The vacancy density gradient ion exchanger of the present invention has a surface having a low vacancy density and a surface having a high vacancy density, and further, the vacancy density is gradually inclined. It is possible to satisfy the balance requirements for both passage of fluid and introduction of ion exchange groups. In particular, the surface with a low pore density is located in the center of the desalting chamber and / or the concentrating chamber, and the surface with a high pore density is located on the ion exchange membrane side of both sides of the desalting chamber and / or the concentrating chamber. On the side of the central part, the passage of the fluid is not hindered, and on the side of the ion exchange membrane, sufficient ion exchange groups can be present. Further, compared to the case where different members are combined such as the conventional combination of the ion-exchange fiber material and the ion-conducting spacer, the complexity of loading is eliminated. Further, since the contact between the ion exchange group and the ions is increased, the applied voltage during operation can be reduced.

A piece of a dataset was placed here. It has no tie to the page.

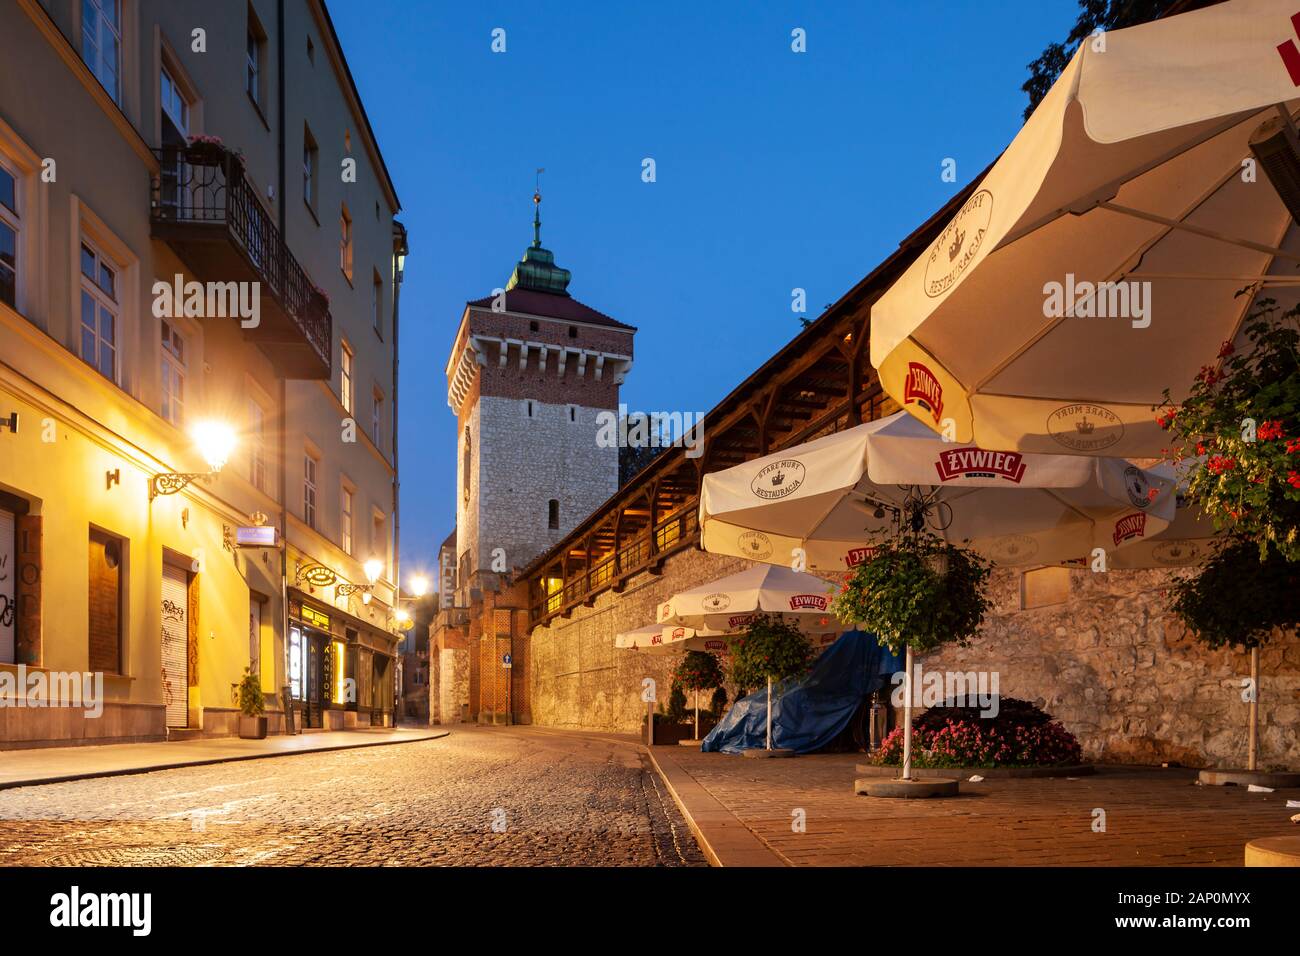 Alba nella citta' vecchia di Cracovia. Foto Stock
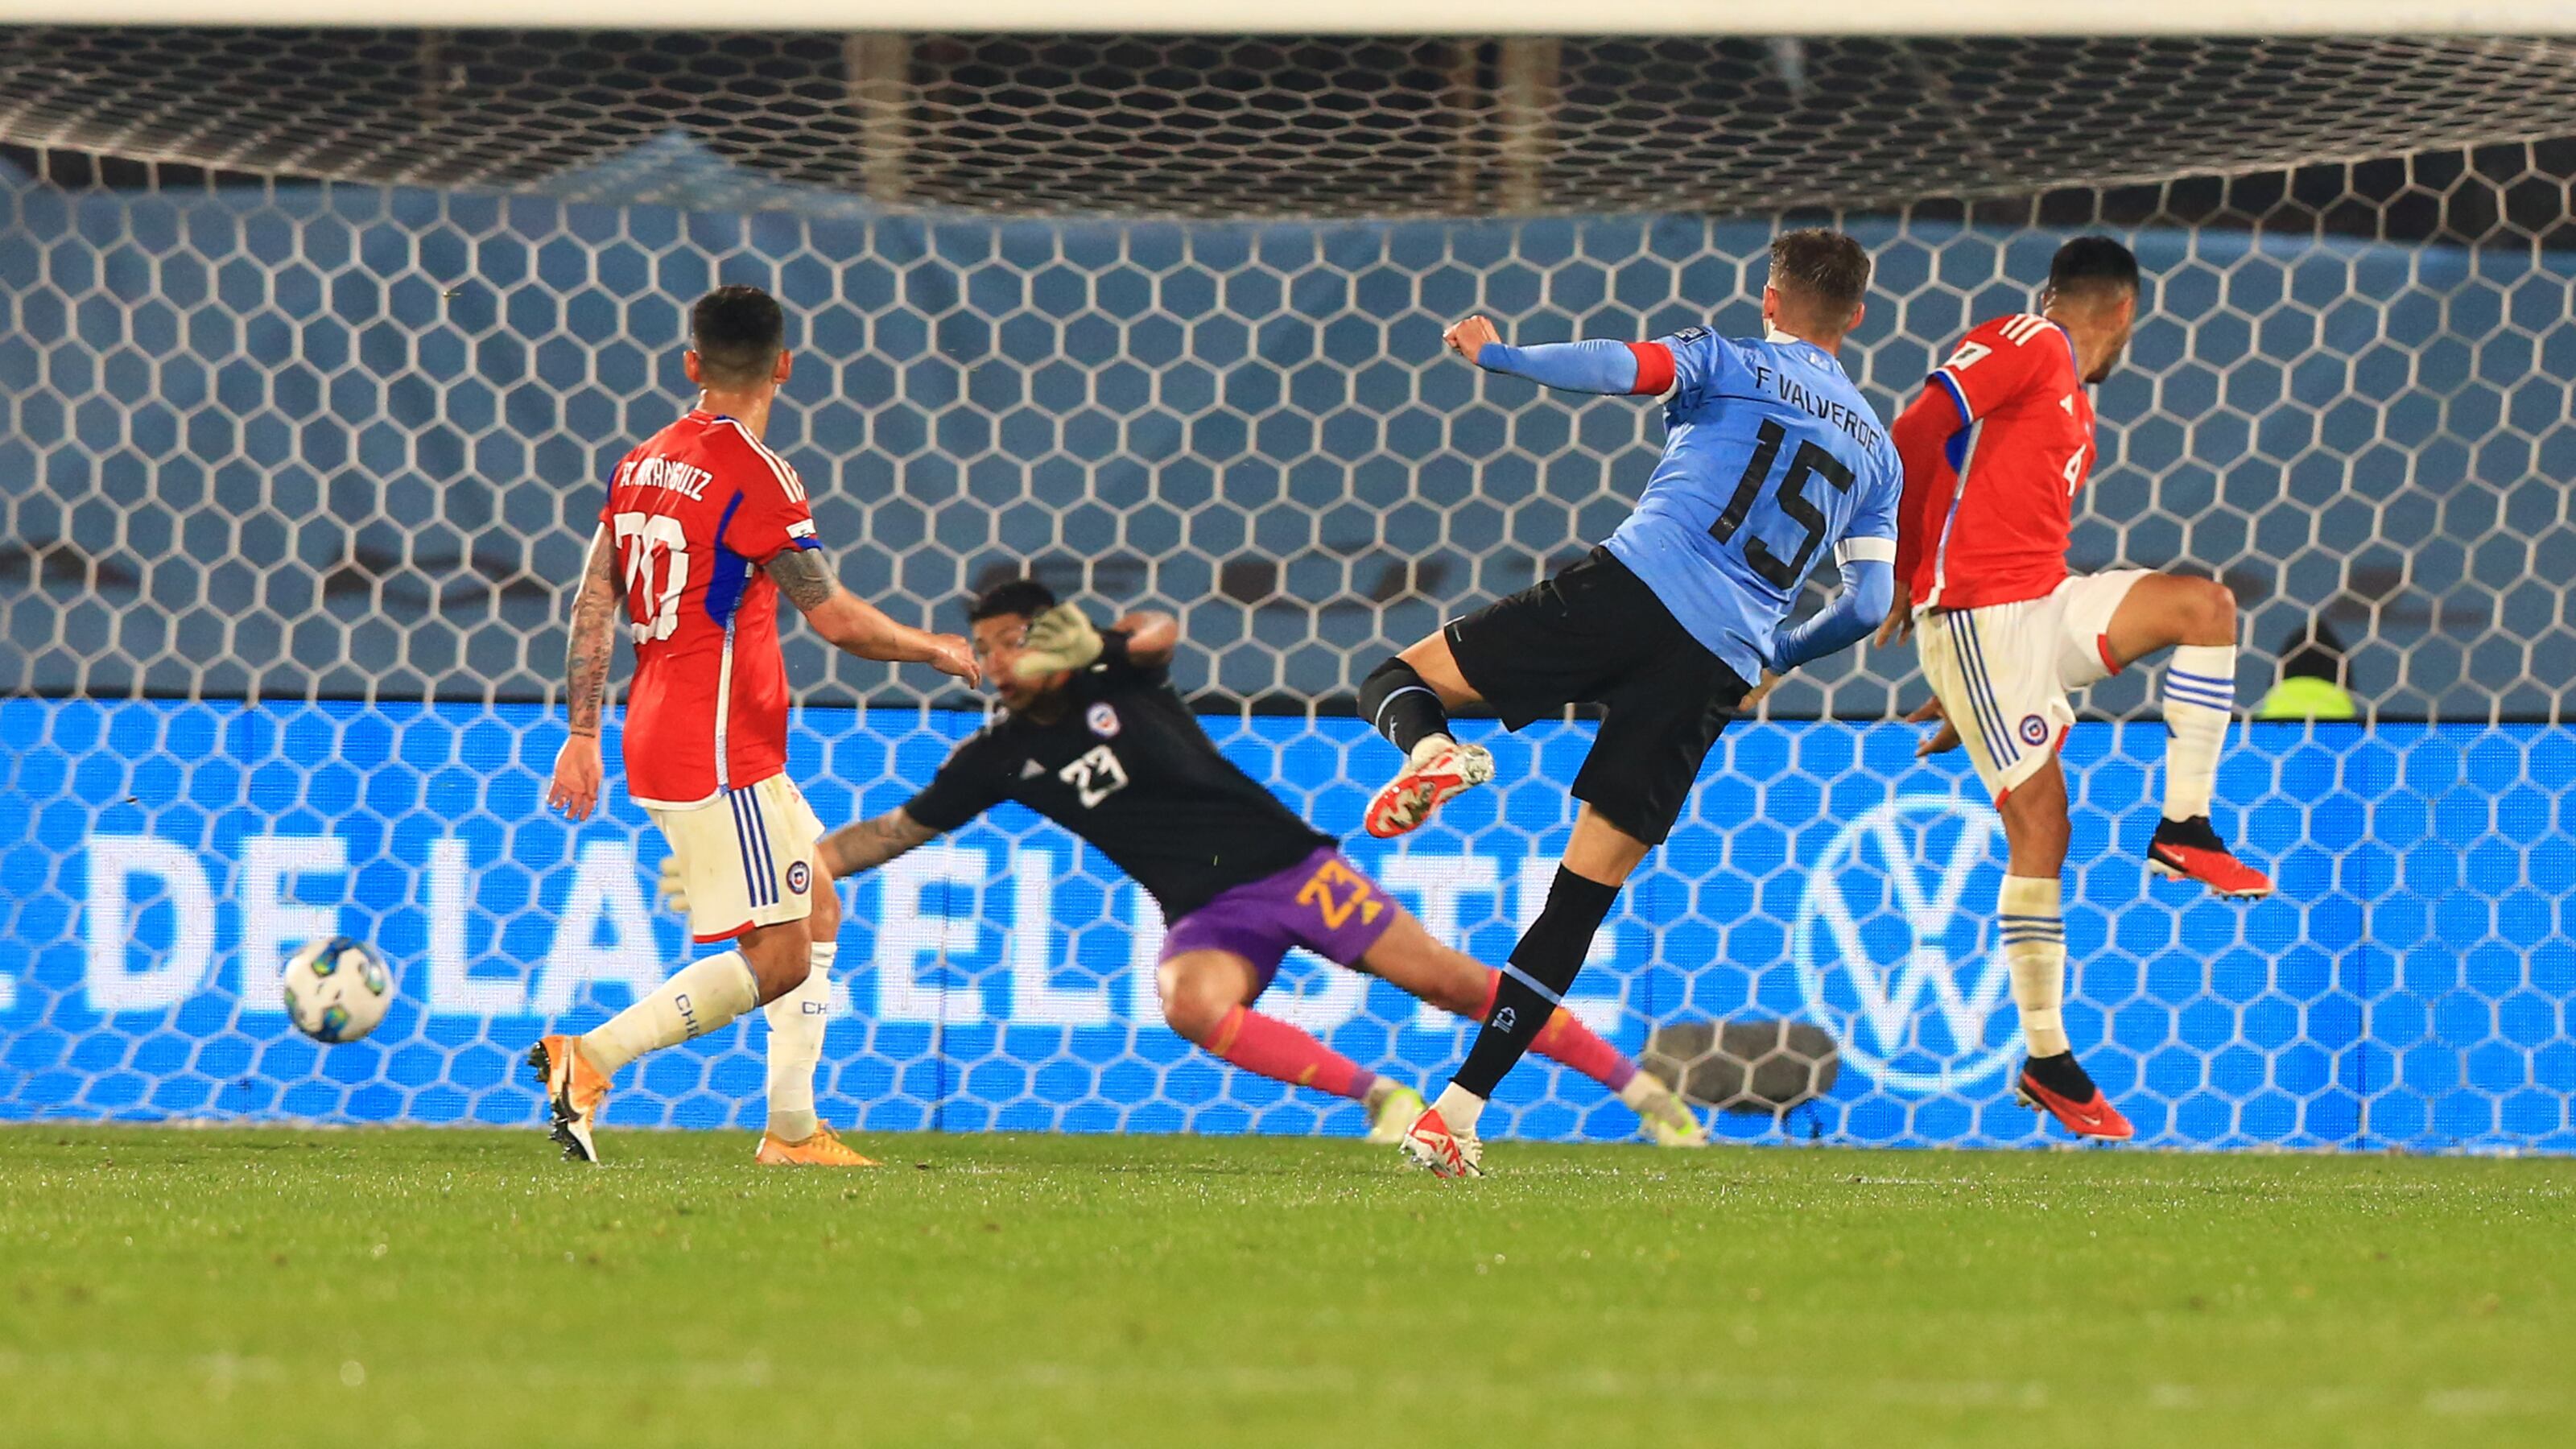 Valverde anota el 2-0 de Uruguay sobre Chile en el Centenario. / Javier Valdés/Photosport

In the electric desalination apparatus of the present invention, the above-described vacancy density gradient ion exchanger of the present invention is arranged in a desalting chamber and / or a concentrating chamber, preferably at least a desalting chamber. Specifically, a cation exchanger is placed on the side of the cation exchange membrane, and an anion exchanger is placed on the side of the anion exchange membrane so that the surface with a low pore density faces the side of the ion exchange membrane,
Alternatively, the ion exchanger may be arranged so that both sides having a low pore density face the ion exchange membrane.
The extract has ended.